Stem Cells Keep Autoimmune Disease Away for 15 Years
Patients continue to thrive years after therapy
A man and a woman with a rare and serious autoimmune disease have remained free of disease symptoms for more than 15 years after receiving a stem-cell transplant. The results were published in the journal Med and have given researchers hope that the treatment could help more patients in the future.
The disease, called neuromyelitis optica spectrum disorder (NMOSD), occurs when the body’s immune system mistakenly attacks the spinal cord and the optic nerve, which connects the eyes to the brain. This can cause painful episodes lasting days or months. Symptoms include eye pain, vision loss, vomiting, weakness, and even paralysis in the arms and legs. Although current medicines can help prevent these attacks, they did not work for the two patients in this study.
After the treatment, both patients saw major improvements. The man regained neurological function, returned to a normal life, and later became the father of two children. The woman gained better use of her arms and no longer needs medication to control her symptoms.
Researchers used a procedure called an allogeneic hematopoietic stem-cell transplant, in which stem cells are collected from another person’s blood and given to the patient. This treatment has already been used for certain cancers, sickle-cell disease, and other blood disorders. According to the research team, this is the first time it has been used to treat NMOSD.
The man received stem cells from his sister in 2009. The woman received stem cells from an unrelated donor in 2010. Each patient received a single infusion of donor stem cells.
Before the transplant, both patients were given chemotherapy drugs called fludarabine and treosulfan, along with a monoclonal antibody treatment. These medicines remove the B cells responsible for producing the harmful antibodies that attack the spinal cord and optic nerve.

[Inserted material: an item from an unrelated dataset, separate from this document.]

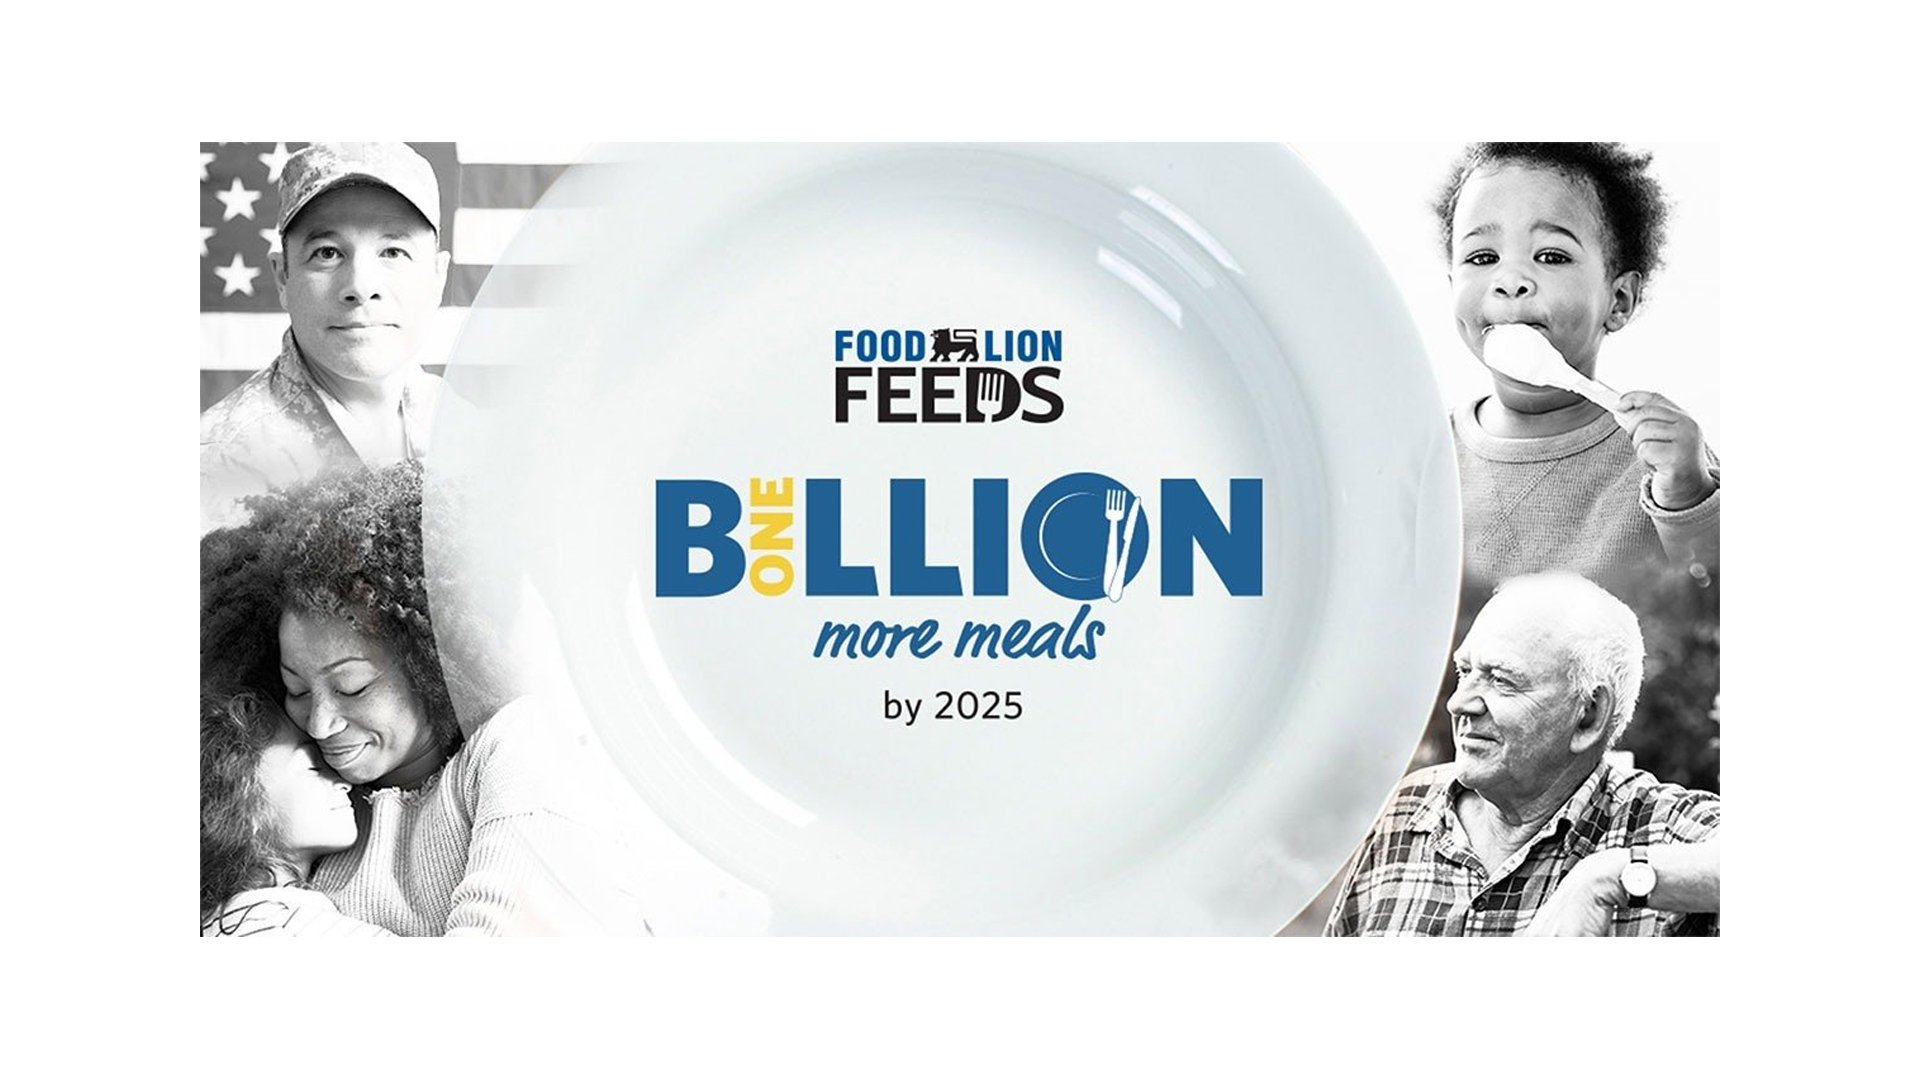 flf-billion-more-meals.jpg.adapt_.full_.high_.jpg

They also received a short course of antibodies and immunosuppressant drugs to reduce the risk of graft-versus-host disease, a serious condition in which donor cells attack the patient’s healthy tissues. Fortunately, neither patient developed this complication.
The researchers found that neither patient produced the harmful NMOSD antibodies after treatment. Instead, both developed healthy immune systems. Scientists believe the procedure completely replaced the patients’ immune systems, which may explain the long-lasting results.
However, experts caution that the study involved only two people, so it is still unclear whether the treatment would work for all NMOSD patients. Finding suitable stem-cell donors can also be difficult.
The treatment is not without risks. The patients experienced some side effects, including swollen lymph nodes, an antibody deficiency that required treatment, and bladder cancer. Secondary cancers can occur after stem-cell transplants. Infections after treatment are also a major risk and are the second leading cause of death linked to this procedure.
Because of these risks, researchers believe the treatment should mainly be considered for younger patients whose symptoms do not improve with standard treatments or who have other autoimmune diseases as well. Larger clinical trials will be needed to confirm the treatment’s safety and effectiveness.